I personally fall on the side of trying not to use swear words, especially loudly, while camping. While you my fall on the other side, I think there is good advice for everyone. Let’s dive in and face this head-on.
Users Of Swear Words
Let me start right off with this: I am not putting you down if you use swear words when you talk. That’s not the point of this. I think everyone at some point has used a curse word now and then. Some do it more than others, and that’s fine.
What this really comes down to is consideration for your camping neighbors. We all are guilty of having a self-centered attitude (me more than average, I think), and many times this is a good thing. Looking out for numero uno helps us to make decisions, to get ahead, and to not get into things that we feel uncomfortable with. So don’t think that this is a bad thing to have a self-centered approach from time to time, because it is not.
Instead, consider others around you when you are camping. Typically you don’t sprawl out your camping gear into other sites, right? You keep your stuff in your space, which is courteous and allows you to keep tabs on things so they don’t walk off. You also typically don’t invade other sites and intrude on others good times, as that’s just rude and you wouldn’t want someone to do that to you. The same approach applies to our use of language. Let’s face it, the outdoors is not a place where you can close yourself off from others when camping, as there are usually many other campers around you. If you really wanted solitude, you could camp in remote areas if that’s what you desire. But most of us just want to get out into nature and enjoy it. We also enjoy seeing others enjoy the outdoors as well, and we have this unwritten rule that unless you are in need of something, we want to be left alone with our own group. This includes hearing a lot of loud shouting and foul language.

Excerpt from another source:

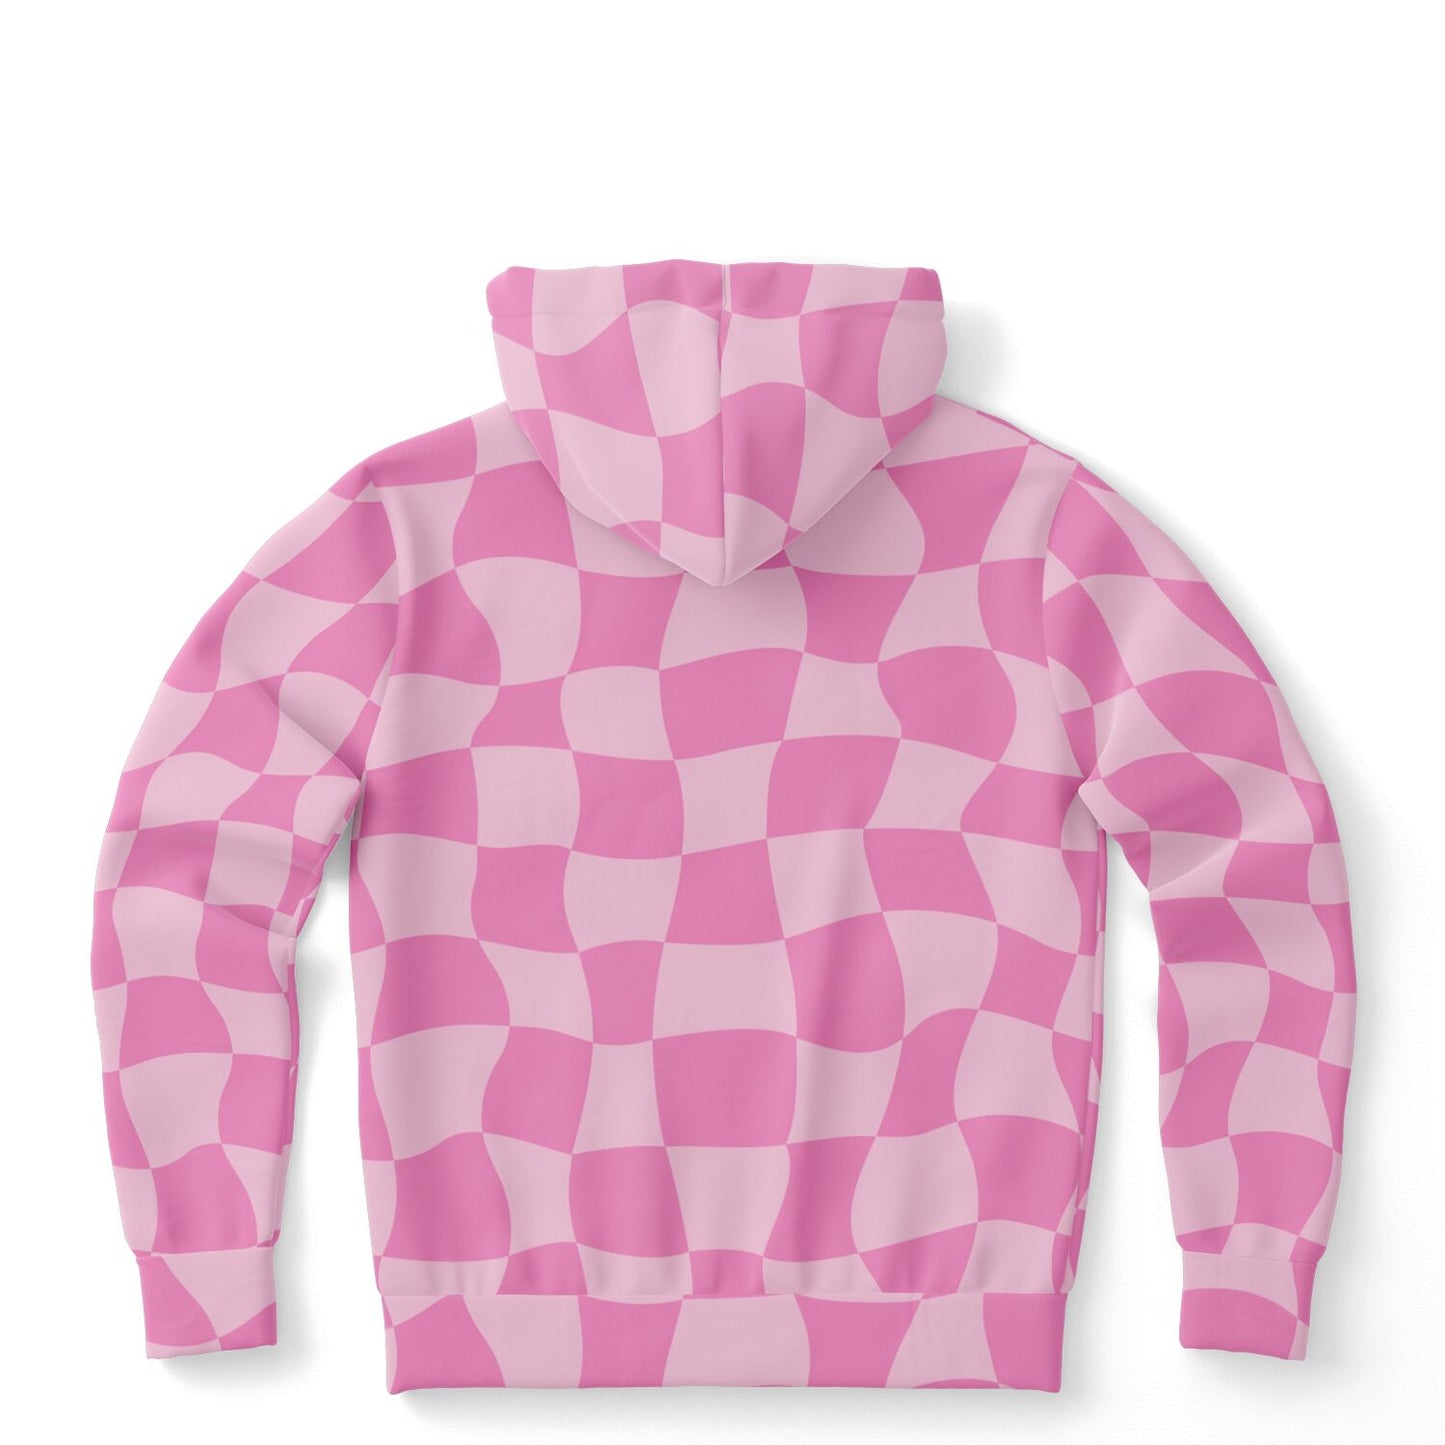 Pink Checkered Hoodie, Groovy Funky Trippy 70s Pullover Men Women Adult Aesthetic Graphic Cotton Hooded Sweatshirt with Pockets Starcove Fashion

Now, to be fair, life is not always a bed of roses. Sometimes we get angry or upset about something. Sometimes when that happens we say things that we end up regretting. That’s understandable, and it happens sometimes even when camping where things are supposed to go right. I think we all can forgive someone in this situation. When it becomes a problem is when the language used is more commonplace, and especially when it is used with a louder voice. Consider your camping neighbors who have young children. They may not want them to hear adults using words like that. We all want to have our children maintain their innocence as long as possible, because when its gone, its gone. Also, perhaps there are adults who wish to not hear that sort of language, and this can be for any number of reasons. Again, this all comes down to consideration for your camping neighbors.
If you find yourself using colorful language while you camp, consider trying to tone it down a bit in consideration of your neighbors. This might not be that easy, but it will be appreciated.
Hearers of Swear Words
I fall on the end of the language spectrum that trys not to use swear words very much, though some days are better than others. When camping, I try to use that time to relax, which helps in not using swear words as much, partly because I’m taking a nap and not talking! But I will occasionally hear one of my camping neighbors using an expletive. As a hearer of these words, I try to make sense of its use by looking at the context, and I think this is important for us on the receiving end of this language.
As I mentioned previously, sometimes life just doesn’t want to go right for us on a given day (or week). We get upset and let a few fly. Context would probably tell us as the hearers that this person isn’t having a good day for whatever reason. In that case, I would probably have sympathy for them and hope for a better rest of the day. Sometimes it might be an argument they are having, and I would again hope that it gets resolved quickly for all involved (including the neighbors having to hear said argument).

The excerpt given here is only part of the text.